Monitor the resource usage of the API server: When the resource usage is low, modify the sum of the max-requests-inflight
and max-mutating-requests-inflight
parameters to increase the total concurrency limit.
For a cluster that contains more than 500 nodes, we recommend that set the sum to a value between 2000 and 3000. For a cluster that contains more than 3,000 nodes, we recommend that you set the sum to a value between 3000 and 5000.
Reconfigure PriorityLevelConfigurations:
Requests with high priorities: Create a FlowSchema to match requests that you do not want to throttle to a high-priority PriorityLevelConfiguration. Example: workload-high
or exempt
. Take note that requests with the exempt
priority level are exempted from APF. Proceed with caution. You can configure a new PriorityLevelConfiguration to allocate a larger share of the concurrency budget to requests with high priorities.
Requests with low priorities: When the resource usage of the API server is high or the API server responds slowly due to slow requests, you can create a FlowSchema to match these requests to a low-priority PriorityLevelConfiguration.
Important
The kube-apiserver component is a managed component in ACK Pro clusters. By default, kube-apiserver uses at least two replicas deployed across zones to ensure high availability. When the resource usage of control planes increases, the number of replicas are scaled to at most six. Concurrency limit of kube-apiserver = Number of replicas × Concurrency limit of each replica.

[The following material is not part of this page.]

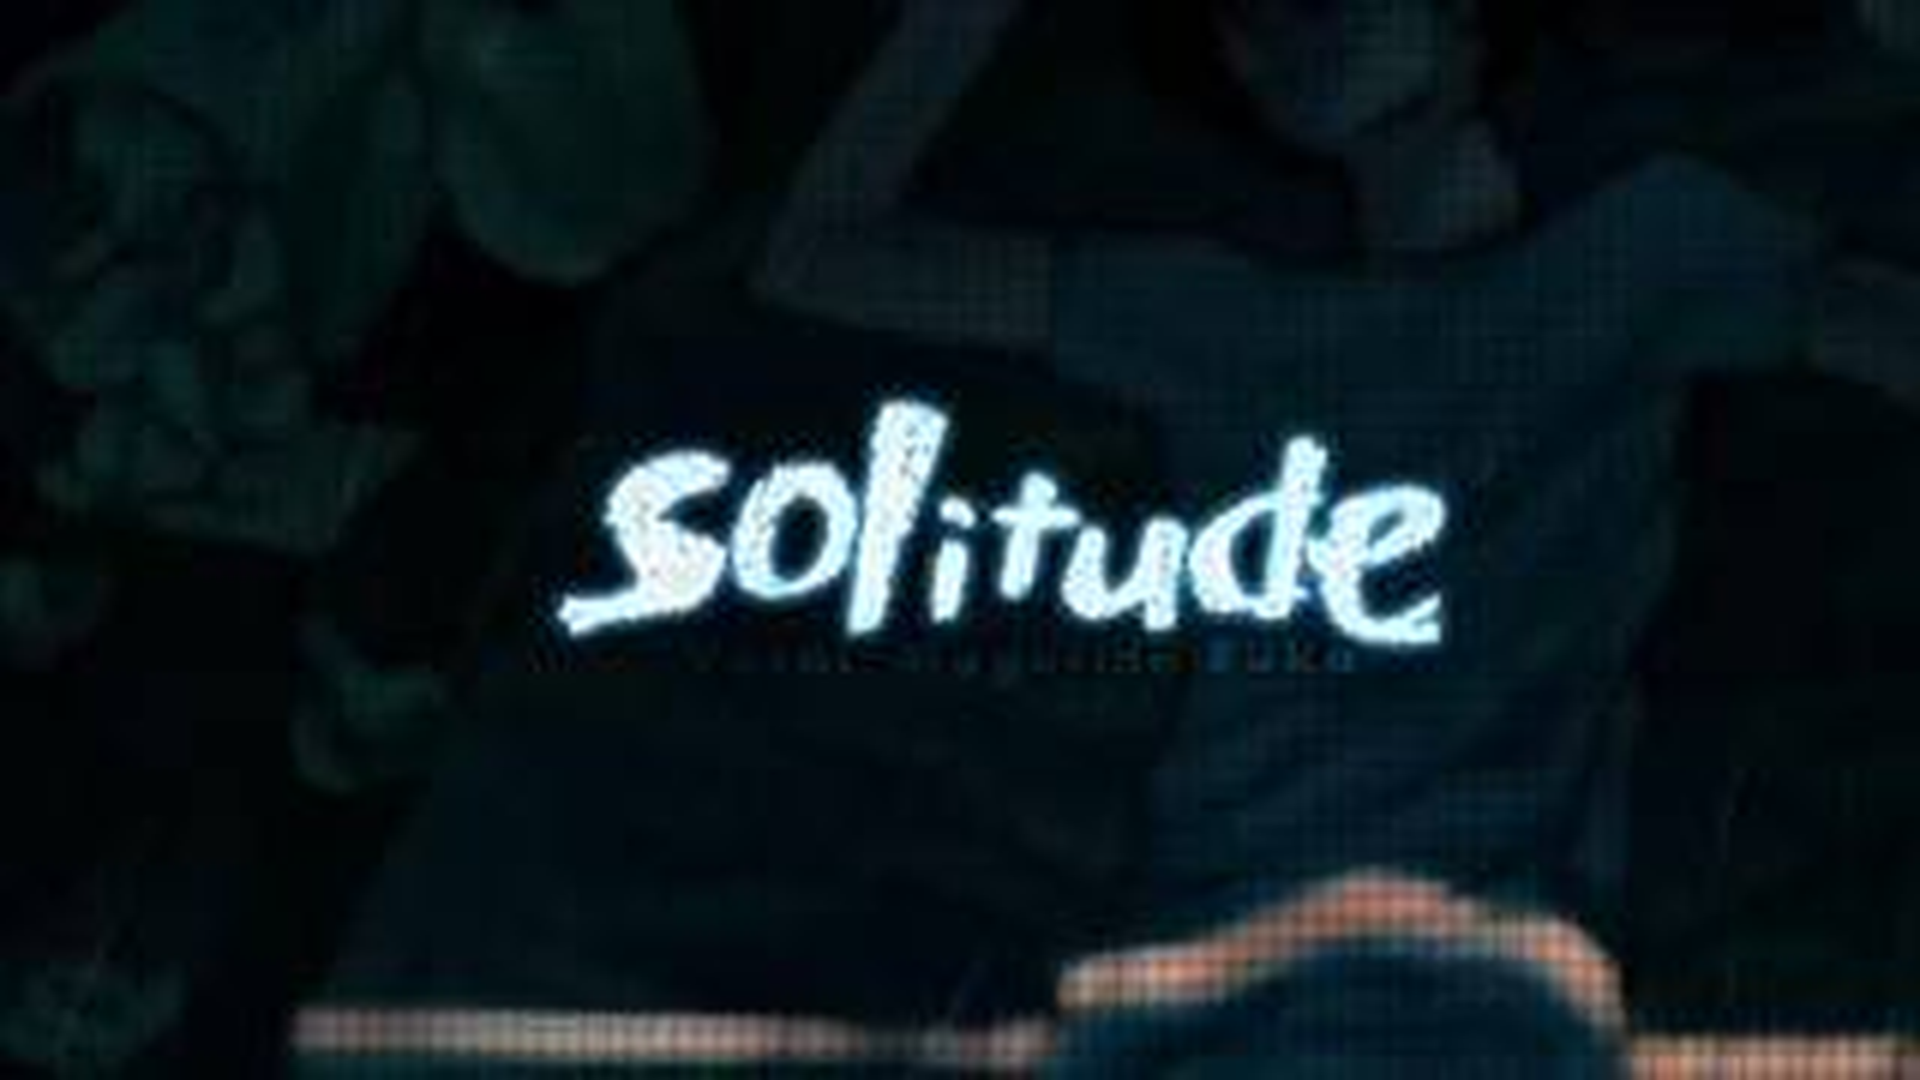 solitude (翻自:巡音ルカ)

Modifying the custom parameters of kube-apiserver triggers an API server rolling update. This may cause the client controller to reperform the List-Watch operation. In large clusters, the API server may be overloaded. If this issue occurs, your service becomes temporarily unavailable.
kube-controller-manager and kube-scheduler
kube-controller-manager uses the kubeAPIQPS and kubeAPIBurst parameters and kube-scheduler uses the connectionQPS and connectionBurst parameters to control the QPS of communication with the API server. For more information, see Customize the parameters of control plane components in ACK Pro clusters and Custom parameters of kube-scheduler.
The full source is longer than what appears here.